Totenstille. Dann hüstelt der Alte.

»Also dazu gehörte Mumm«, sagt er. »Du hast meinen Respekt, Jungchen.«

»Super. Danke«, murmele ich.

Bernd hebt seine Kinnlade vom Boden auf und keucht.

»Du hast das ernst gemeint, oder? Du findest ihn wirklich … Und ich dachte, du verarschst mich.«

»Warum sollte ich dich verarschen?«, frage ich, vollkommen entrüstet.

»Weil du … Weißt du noch, als du mir erzählt hast, Toms Geburtstag wäre eine Mottoparty? Und dann war ich zwischen all den Anzugträgern der Einzige, der sich als Glücksbärchi verkleidet hatte.«

»Oh.« Ich kratze mich mit der gesunden Hand am Kopf. »Ja. Mist.«

»Das nennt sich wohl Karma«, sagt Heinrich, der überflüssige Schilderer meines Lebens.
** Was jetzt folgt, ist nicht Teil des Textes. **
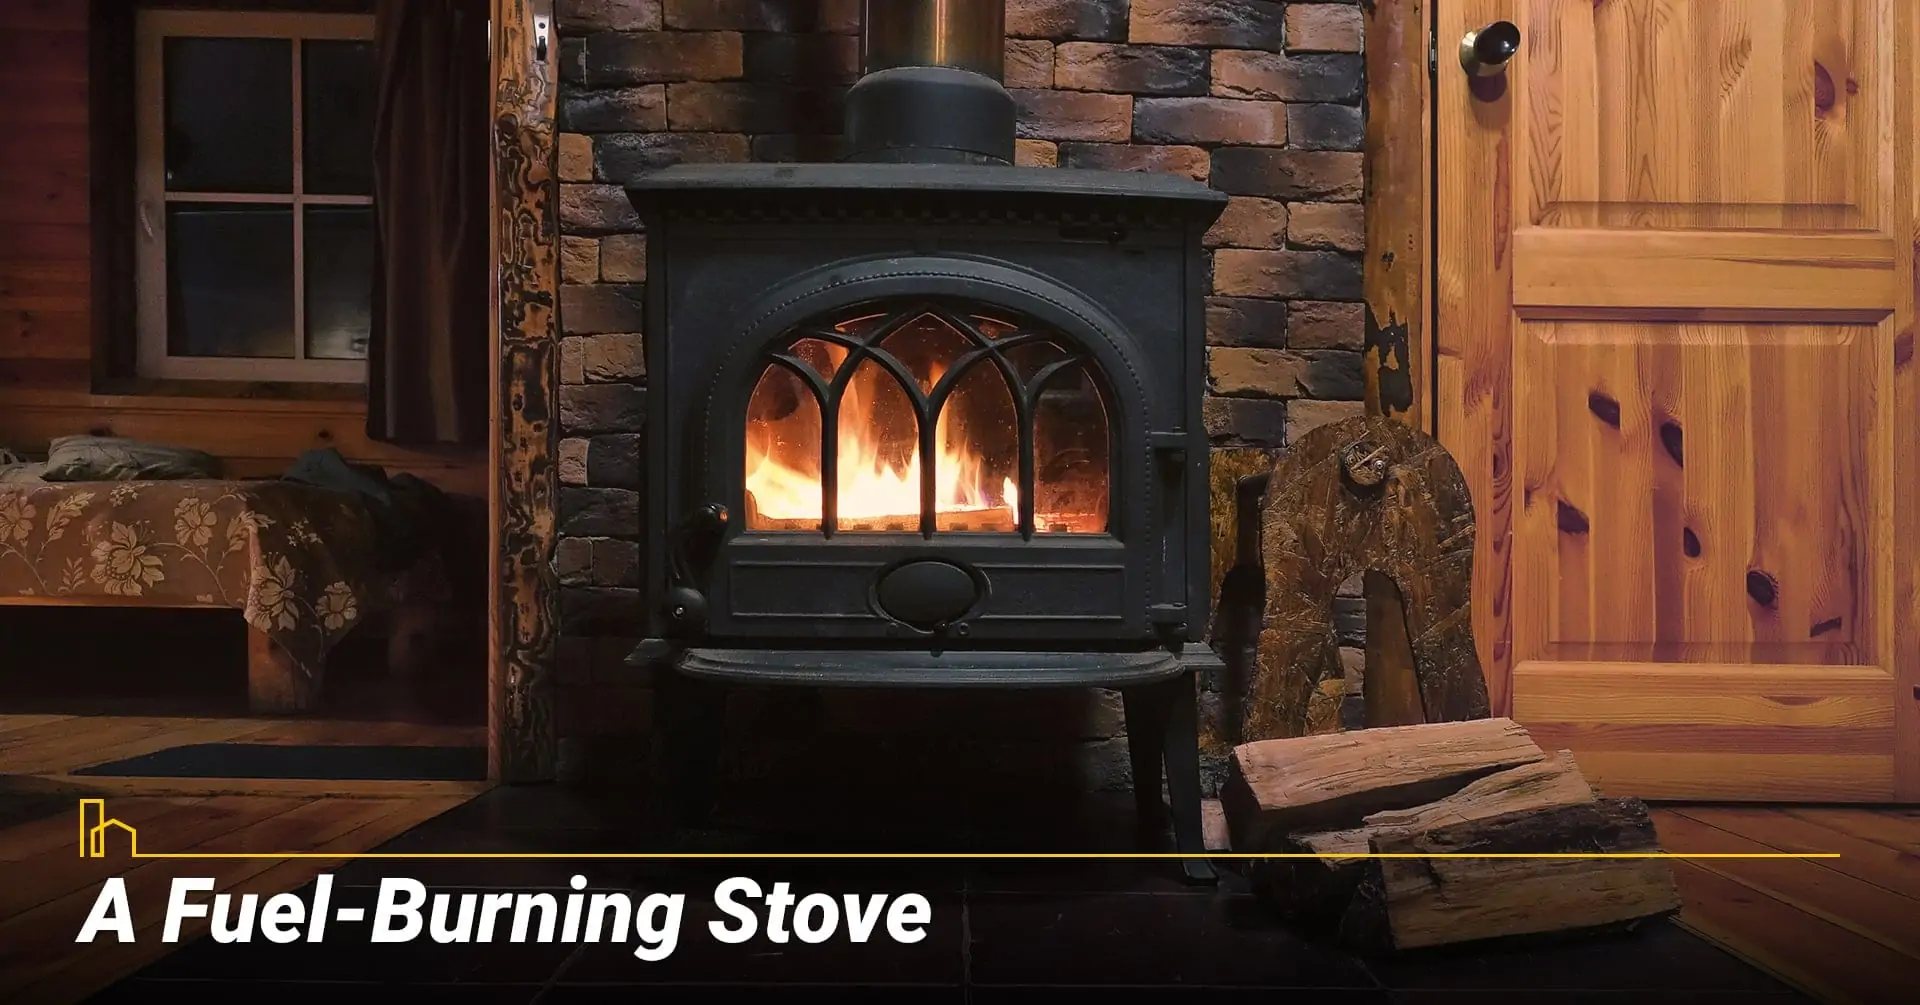 A Fuel-Burning Stove, heat your home with wood-burning stove

»Also, wenn du noch willst, kriege ich heraus, wieso sich Roberto und der Kerl getrennt haben. Obwohl ich es verstehen kann.« Bernd runzelt die Stirn. »Dieser Vincent ist sauarrogant. Von wegen keine gute Idee. Am Arsch. Es ist eine super Idee, dich zu daten. Du bist vielleicht ein Idiot, aber du bist lustig und siehst gut aus. Ganz im Gegensatz zu ihm.«

Ich bin gerührt. Ein wenig.

»Danke, Bernd. Aber ich müsste nur … Ich müsste mal richtig in Ruhe mit ihm reden können. Kein Wunder, dass er so einen schlechten Eindruck von mir hat. Ich meine, alles, was er über mich weiß ist, dass ich mir fast selbst den Schwanz abgesengt habe, beziehungsunfähig bin und rumhure.«

»Sorry«, sagt Bernd zerknirscht. »Ich frage Roberto. Am besten frage ich ihn auch gleich, wie die beiden überhaupt zusammengekommen sind. Und wo. Und wieso.«

»Warum?«

»Na, passen die etwa zusammen?« Bernd sieht mich fragend an. »Ne, tun sie nicht. Roberto ist doch ein Typ wie du, was wollte er mit diesem Langweiler?«

»Ich finde, das passt sehr gut zusammen«, knurre ich.